Re: [PATCH 4/4] KVM: nVMX: Do not generate #DF if #PF happens during exception delivery into L2

Gleb Natapov <gleb@xxxxxxxxxx> · Wed, 25 Sep 2013 15:21:45 +0300



On Wed, Sep 25, 2013 at 02:08:09PM +0200, Paolo Bonzini wrote:
> Il 25/09/2013 13:51, Gleb Natapov ha scritto:
> > On Wed, Sep 25, 2013 at 01:24:49PM +0200, Paolo Bonzini wrote:
> >> Il 25/09/2013 11:51, Gleb Natapov ha scritto:
> >>> @@ -7773,6 +7787,9 @@ static void prepare_vmcs02(struct kvm_vcpu *vcpu, struct vmcs12 *vmcs12)
> >>>  	kvm_set_cr3(vcpu, vmcs12->guest_cr3);
> >>>  	kvm_mmu_reset_context(vcpu);
> >>>  
> >>> +	if (!enable_ept)
> >>> +		vcpu->arch.walk_mmu->inject_page_fault = vmx_inject_page_fault_nested;
> >>> +
> >>>  	/*
> >>>  	 * L1 may access the L2's PDPTR, so save them to construct vmcs12
> >>>  	 */
> >>> @@ -8232,6 +8249,9 @@ static void load_vmcs12_host_state(struct kvm_vcpu *vcpu,
> >>>  	kvm_set_cr3(vcpu, vmcs12->host_cr3);
> >>>  	kvm_mmu_reset_context(vcpu);
> >>>  
> >>> +	if (!enable_ept)
> >>> +		vcpu->arch.walk_mmu->inject_page_fault = kvm_inject_page_fault;
> >>
> >> This is strictly speaking not needed, because kvm_mmu_reset_context
> >> takes care of it.
> >>
> > Yeah, but better make it explicit, it does not hurt but make it more
> > clear what is going on. Or at least add comment above
> > kvm_mmu_reset_context() about this side effect.
> 
> Yes, I agree the code is cleaner like you wrote it.
> 
> >> But I wonder if it is cleaner to not touch the struct here, and instead
> >> add a new member to kvm_x86_ops---used directly in init_kvm_softmmu like
> >> kvm_x86_ops->set_cr3.  The new member can do something like
> >>
> >> 	if (is_guest_mode(vcpu)) {
> >> 		struct vmcs12 *vmcs12 = get_vmcs12(vcpu);
> >> 		if (vmcs12->exception_bitmap & (1u << PF_VECTOR)) {
> >> 			nested_vmx_vmexit(vcpu);
> >> 			return;
> >> 		}
> >> 	}
> >>
> >> 	kvm_inject_page_fault(vcpu, fault);
> > 
> > I do not quite understand what you mean here. inject_page_fault() is
> > called from the depth of page table walking.
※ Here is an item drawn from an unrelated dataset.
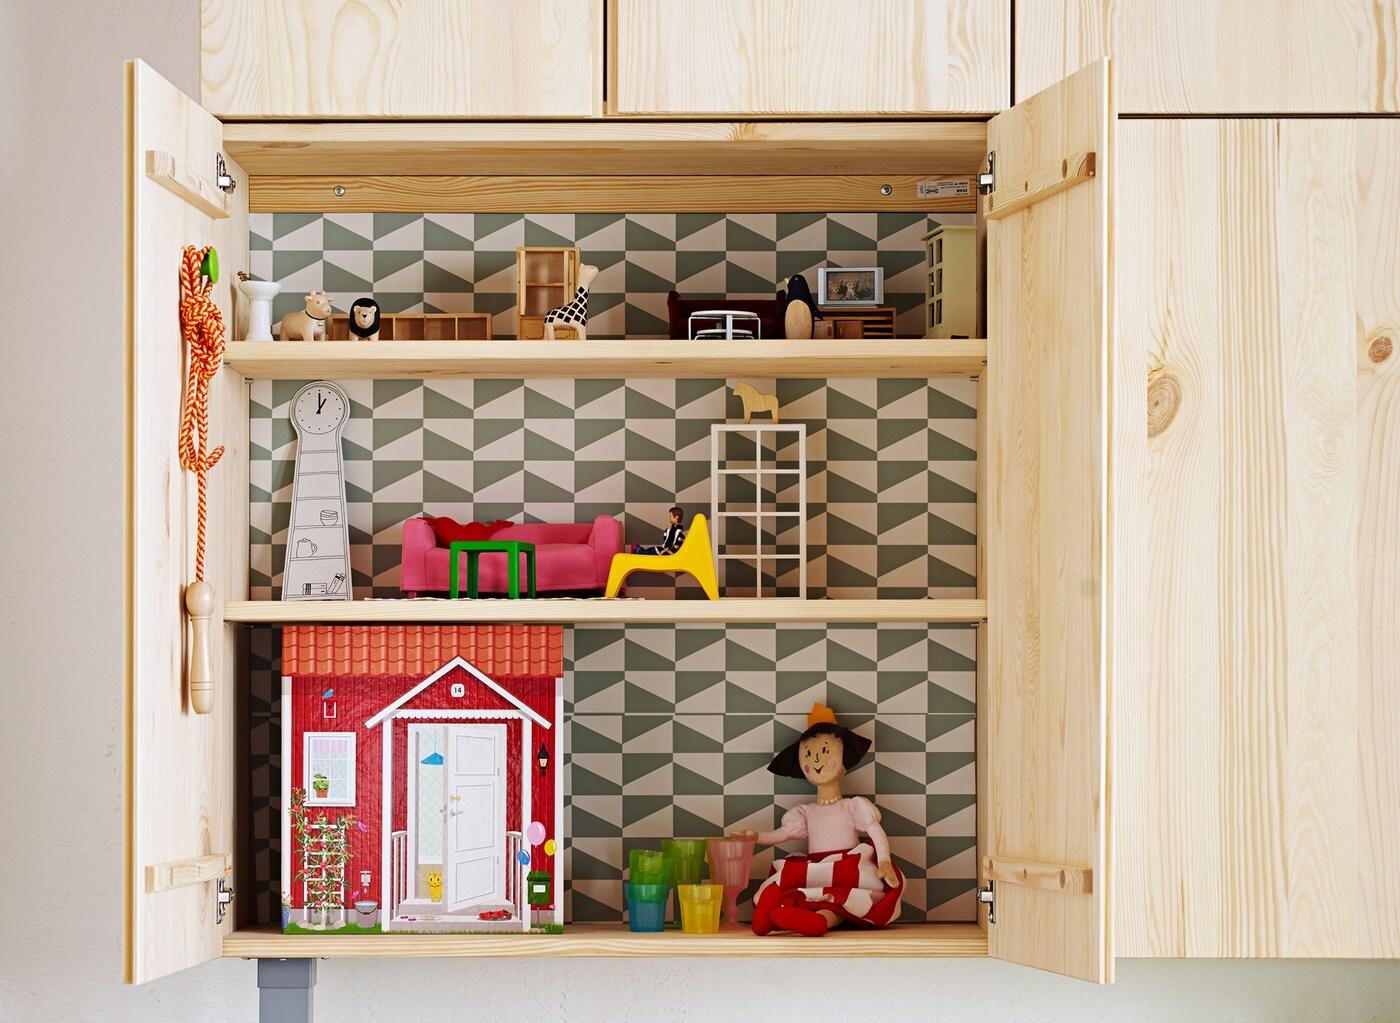 El Ivar Ideas Originales Personalizar Para Ikea Armario 0wNPyvm8nO

How the code will not to
> > call new member in some circumstances?
> 
> IIUC the new function is called if and only if is_guest_mode(vcpu) && 
> !enable_ept.  So what I'm suggesting is something like this:
> 
Ah I see, so you propose to check for guest mode and enable_ept in the
function instead of switching to another function, but switching to
another function is how code was designed to be. Nested NPT/EPT provide
their own function too, but there is nothing that stops you from
checking on what MMU you are now in the function itself.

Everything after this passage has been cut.